Tween/teen brains and social rewards

Anyone who’s been through middle school, has observed middle schoolers, or is raising a middle schooler knows that peers become all-important at that age. Turns out, there’s a scientific reason.

Between the ages of 10 and 12, social rewards – compliments from peers, etc. – take on new weight. According to the APA, “Specifically, receptors for the ‘happy hormones’ oxytocin and dopamine multiply in a part of the brain called the ventral striatum, making preteens extra sensitive to attention and admiration from others.”

Mitch Prinstein, APA’s chief science officer, explains, “We know that social media activity is closely tied to the ventral striatum.
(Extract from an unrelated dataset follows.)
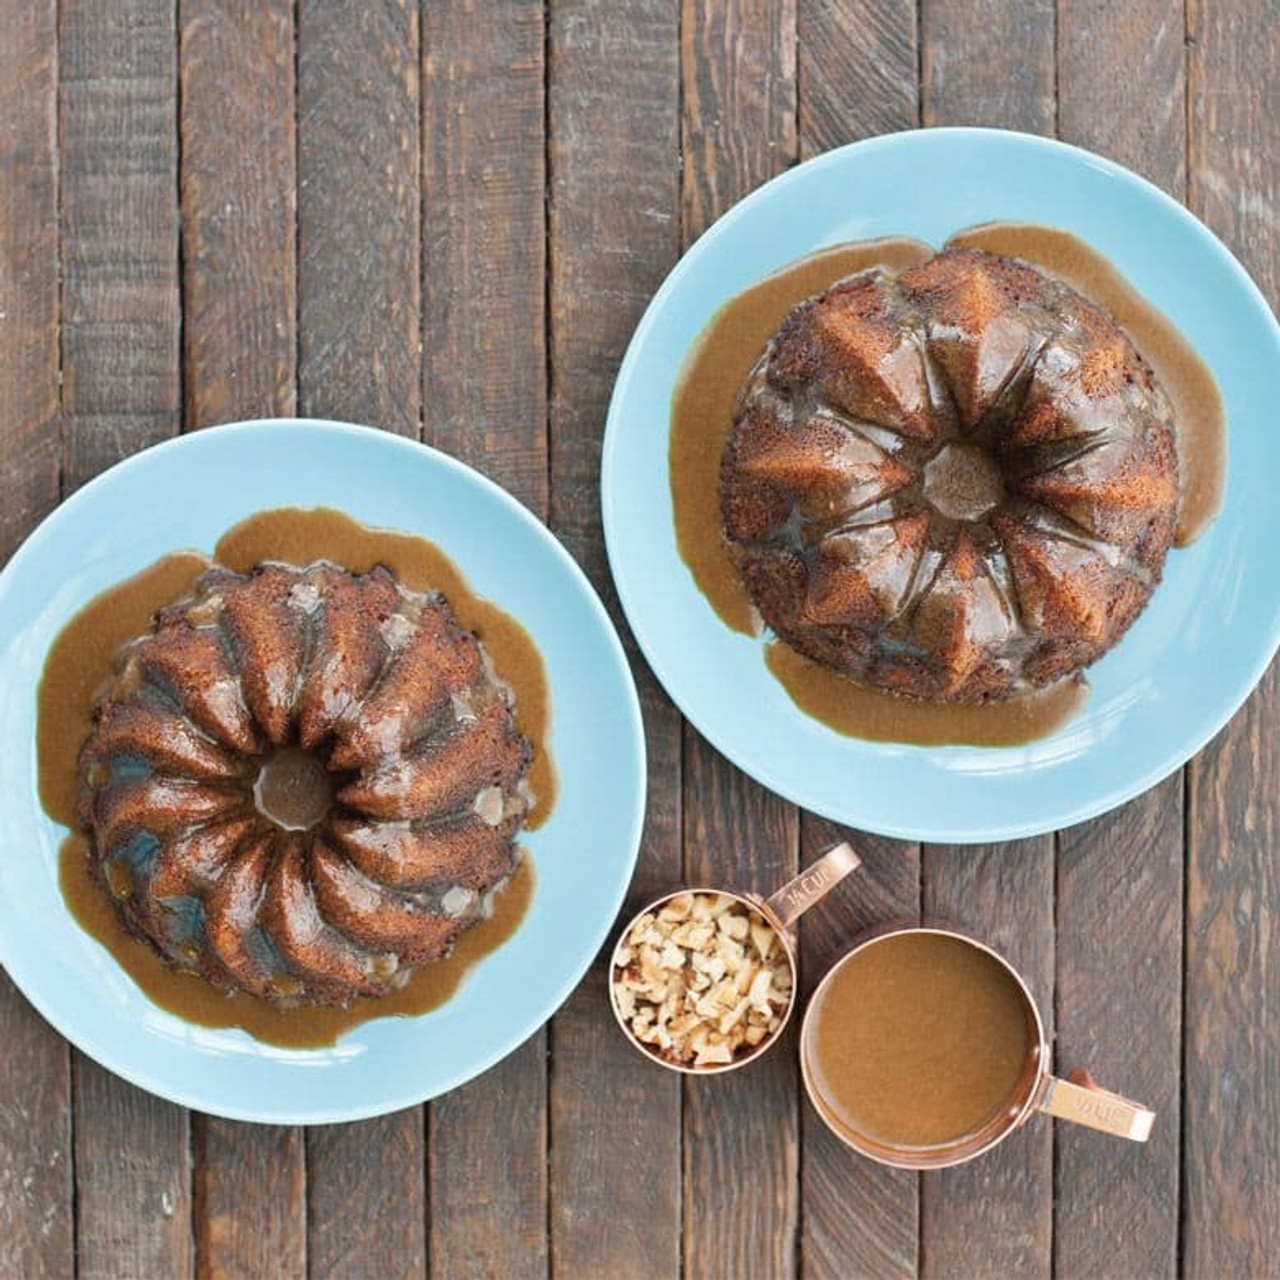 https://cdn11.bigcommerce.com/s-hccytny0od/images/stencil/1280x1280/products/2057/6747/nordic-ware-bundt-duet-pan-2__80693.1538060373.jpg?c=2?imbypass=on

This region gets a dopamine and oxytocin rush whenever we experience social rewards.” As it happens, social media apps like TikTok, Instagram, YouTube, and Snapchat are designed to give users a rush of the feel-good neurotransmitter dopamine when others “like” and “comment” on their feeds. Physiologically, as well as psychologically, it feels good to be liked, admired, and included.
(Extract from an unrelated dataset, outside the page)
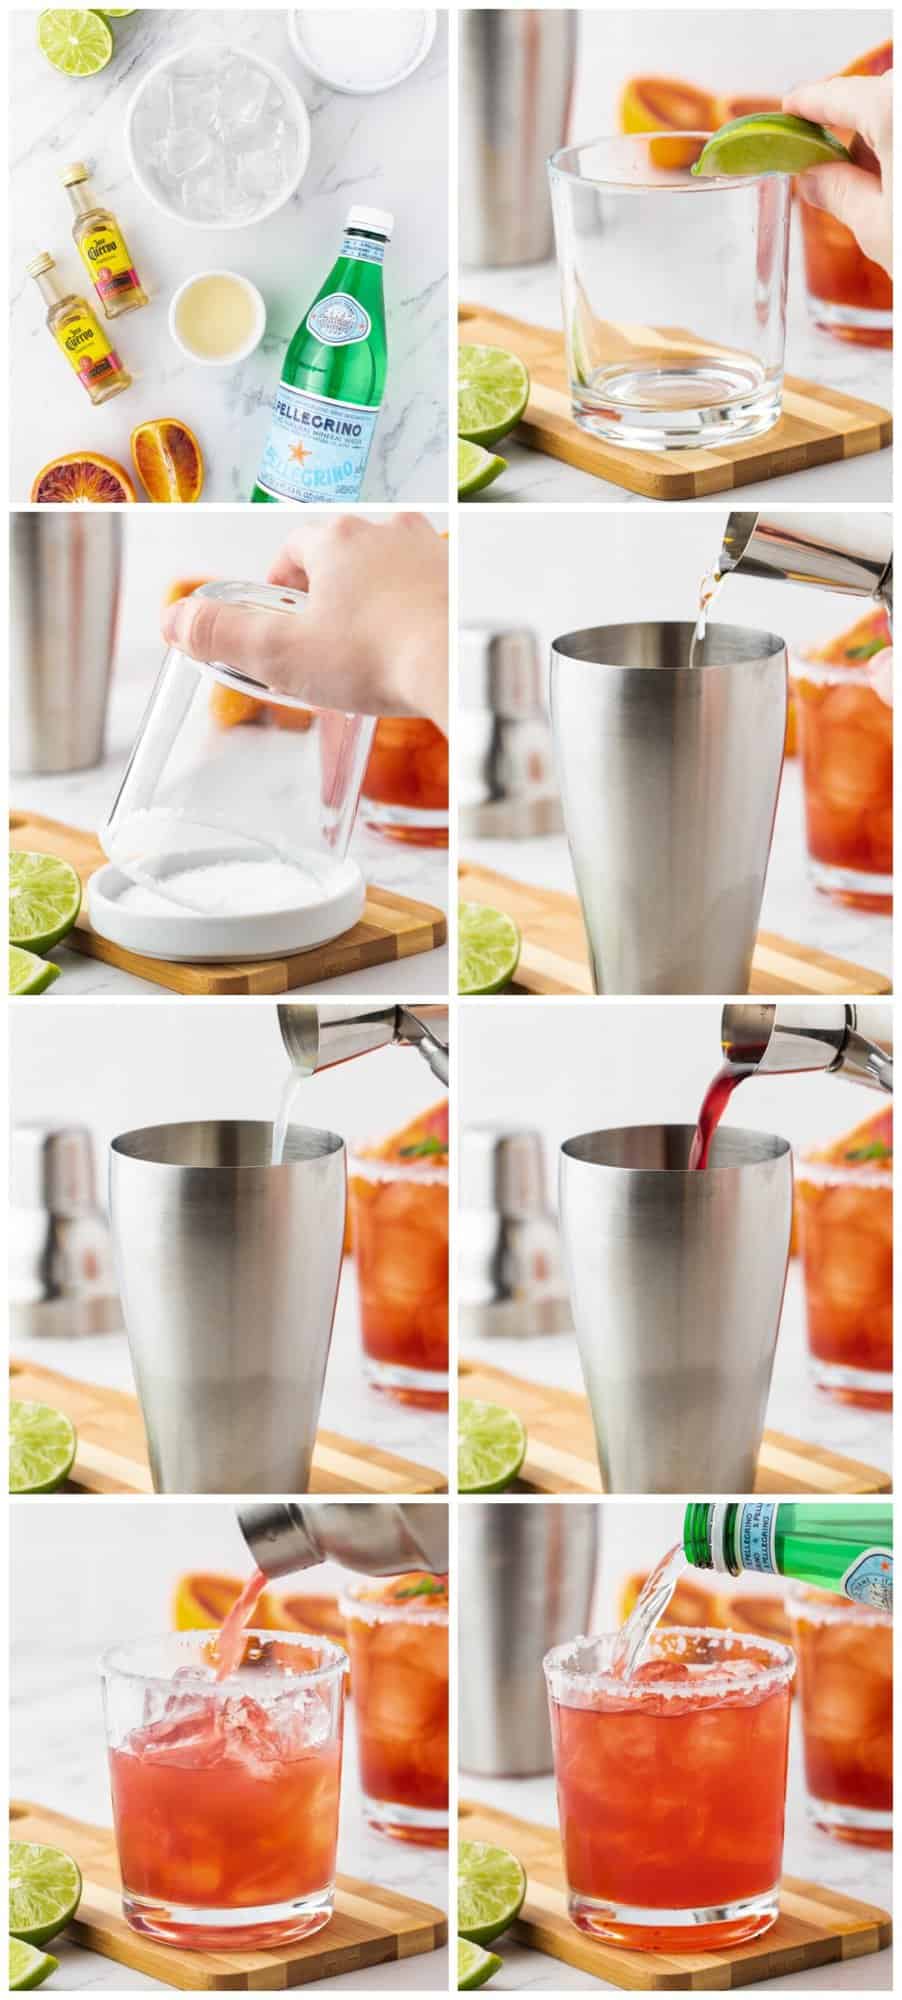 step by step photos for how to make a blood orange margarita.

Right next door to the ventral striatum is the ventral pallidum, the part of the brain crucial to motivating action. These two regions of the brain are older and deeper, driving instinctual behaviors. On top of them is the cortex, “an area that can help regulate emotional responses to social rewards.” In adults, the prefrontal cortex is more developed, enabling them to better regulate their emotional responses to social media rewards – or the lack thereof. Adults also have greater life experience and a more fixed sense of self which is less dependent upon the approval of others.

So without the mitigating factors that life brings, teens crave the approval of others, are hypersensitive to that approval, and their actions are much more likely to be affected by how they are perceived. It’s a toxic combination to throw in 24-7 peer approval meters in the form of social media.

Permanent and public social interactions

Kids have always been looking for approval during the adolescent years, which are a time to work on social skills and make connections. But there’s been a massive shift on the playing field where those things get worked out.

In the past, social interactions were largely in person. Whether or not someone complimented your outfit or laughed at your jokes, the interaction ended once you parted ways. Even on the phone, if you were put down or turned down for a date, no one else was present to hear it.

Jacqueline Nesi, Ph.D., an assistant professor of psychology at Brown University, has observed in her research that the critical difference between online and in-person interactions is their permanent – and often public – nature. As Prinstein notes, “After you walk away from a regular conversation, you don’t know if the other person liked it, or if anyone else liked it—and it’s over. That’s not true on social media.”

On social media, you can be approved or snubbed for all to see, where it remains in the public record. You can be judged by people you’ve never seen and will never meet but can somehow hold power over you if you value their opinion.

Protecting young users of social media

Young users of social media are particularly vulnerable. Social media use has been linked to mental health problems, including anxiety, depression, and poor body image. The younger the user, the more likely they are “to have body image issues, while kids who use Instagram or Snapchat before age 11 face a higher risk of online harassment.”

For this reason, in his U.S. Surgeon General’s Advisory, 2021, Dr. Vivek Murthy recommends that social media and tech companies share their research and help minimize fallout from their products.

Prinstein goes a step further. “It’s time we stopped trying to make a profit on kids’ developing brains,” he emphasized. “For the first time in human history, we have given up autonomous control over our social relationships and interactions, and we now allow machine learning and artificial intelligence to make decisions for us.”

“We have already seen how this has created tremendous vulnerabilities to our way of life. It’s even scarier to consider how this may be changing brain development for an entire generation of youth,” he said.